Enhancing crop resilience: A novel approach to quantifying and predicting frost damage in winter wheat

Abiotic stresses such as heat and frost severely limit plant growth, particularly affecting winter crops like wheat through senescence and leaf area reduction. Modern phenotyping methods, particularly high-throughput field phenotyping (HTFP), have made significant advances in monitoring and analyzing these effects.

Current research focuses on the use of detailed, high-resolution images to quantify growth traits and assess damage from stresses such as frost. However, challenges remain in accurately modeling frost damage and understanding genotype-specific resilience. The challenge is to improve the accuracy of detecting and quantifying crop responses to abiotic stresses, particularly frost, to improve resilience and yield in varying climates.

In October 2023, Plant Phenomics published a research article titled "Frost Damage Index: The Antipode of Growing Degree Days."

This research quantified frost-induced reductions in plant growth by monitoring changes in canopy cover of thirty-six winter wheat genotypes over several years using time-resolved, high-resolution field imagery.
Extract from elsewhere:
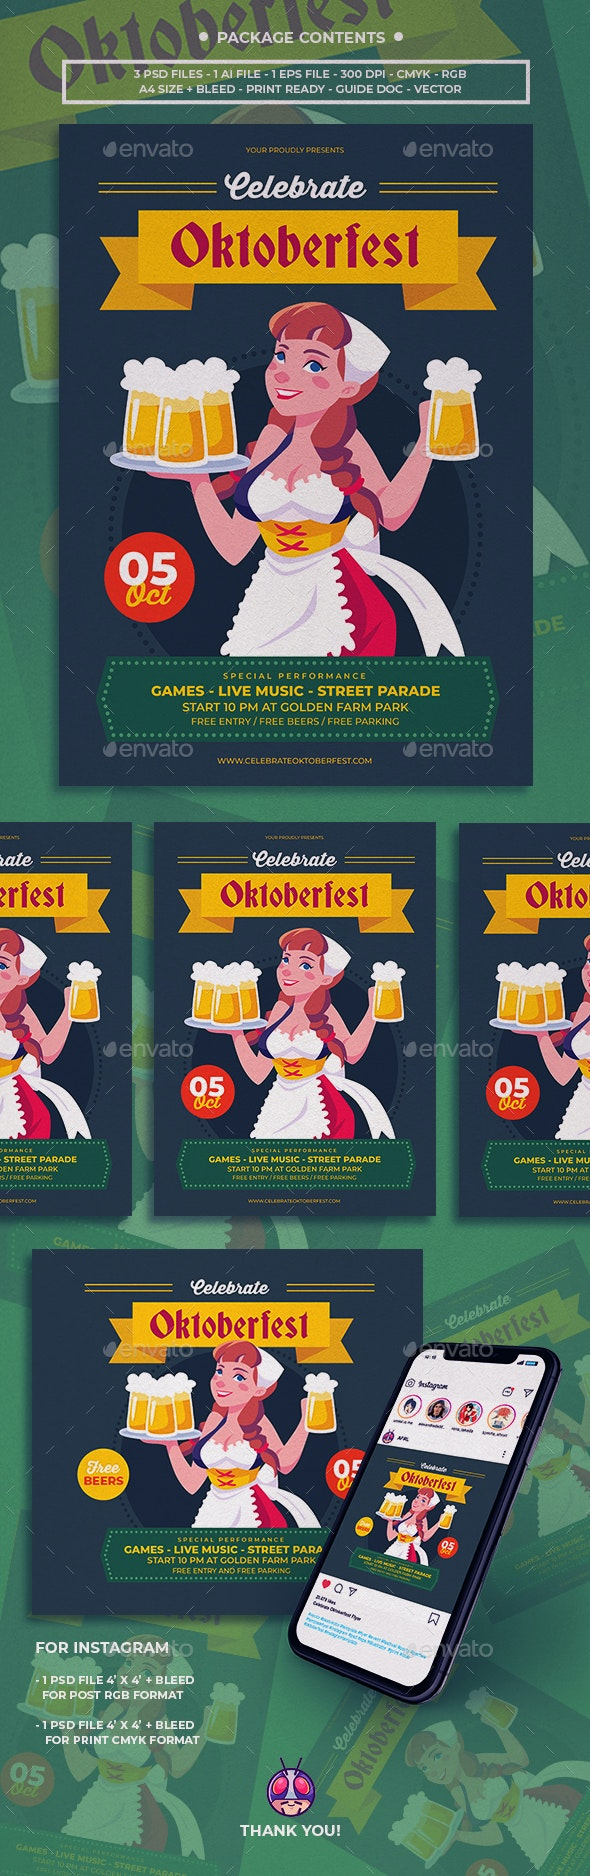 Celebrate Oktoberfest Flyer - Anniversary Greeting Cards

A new concept, the Frost Damage Index (FDI), was developed to cumulatively summarize frost events, similar to growing degree days.
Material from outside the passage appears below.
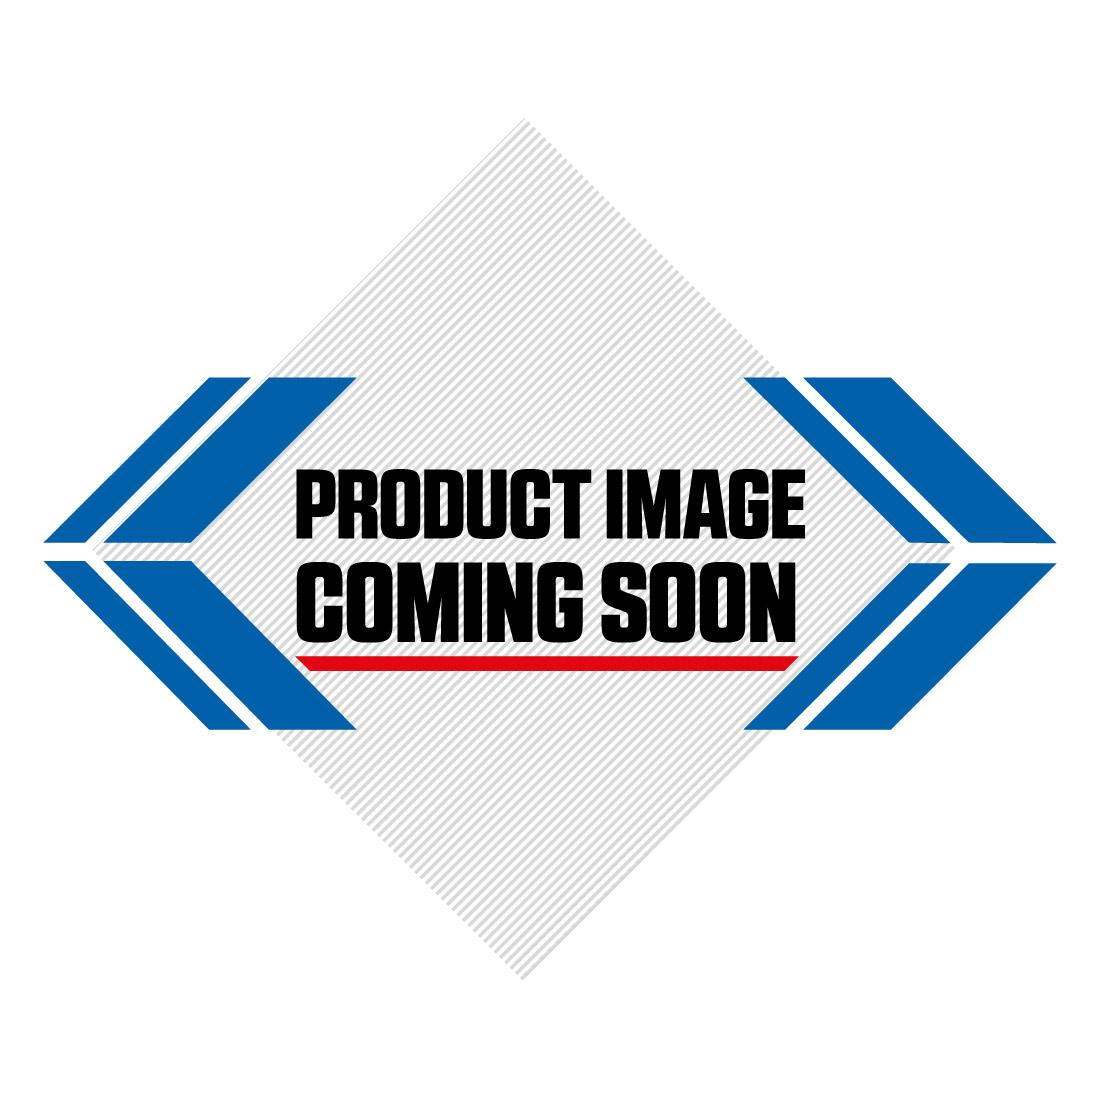 2019 UFO Interceptor 2 Helmet - Galaxy Limited Edition Image-4

Genotypes' sensitivity to the FDI correlated with traditional visual scores used to assess winter hardiness, indicating their potential adaptability to other stresses such as drought or heat. The study spanned three years, each with different temperature regimes and cold spells.

The focus was on the first 150 days after sowing, representing winter, and different patterns of canopy cover loss (ΔCC) and temperature dynamics were observed each year. A moderate to strong correlation was found between ΔCC and manual frost ratings after cold spells, indicating the effectiveness of the FDI in capturing genotype-specific frost sensitivity.

The research process involved optimizing various parameters, including a three-day lag time between cold spells and visible damage, a smoothing factor for temperature data, and a base temperature (Tbase) of -9°C below which visible frost damage occurs. The genotype-specific sensitivity factor(s) was also calculated and significantly improved the predictive accuracy of ΔCC when used.

The study confirmed that the inclusion of a lag phase and the smoothing of temperature curves significantly improved prediction accuracy. It also highlighted the genotype-specific nature of frost damage sensitivity, which necessitates the adjustment of parameters such as the sensitivity factor for each genotype.

Overall, the results highlighted the potential of the FDI in enhancing predictions of plant performance under frost stress, suggesting its use in breeding for frost-tolerant genotypes and improving crop models by incorporating damage effects.

This study represents a methodological advance in understanding and predicting genotype-by-environment interactions, particularly in relation to frost damage, by using high-throughput field phenotyping methods.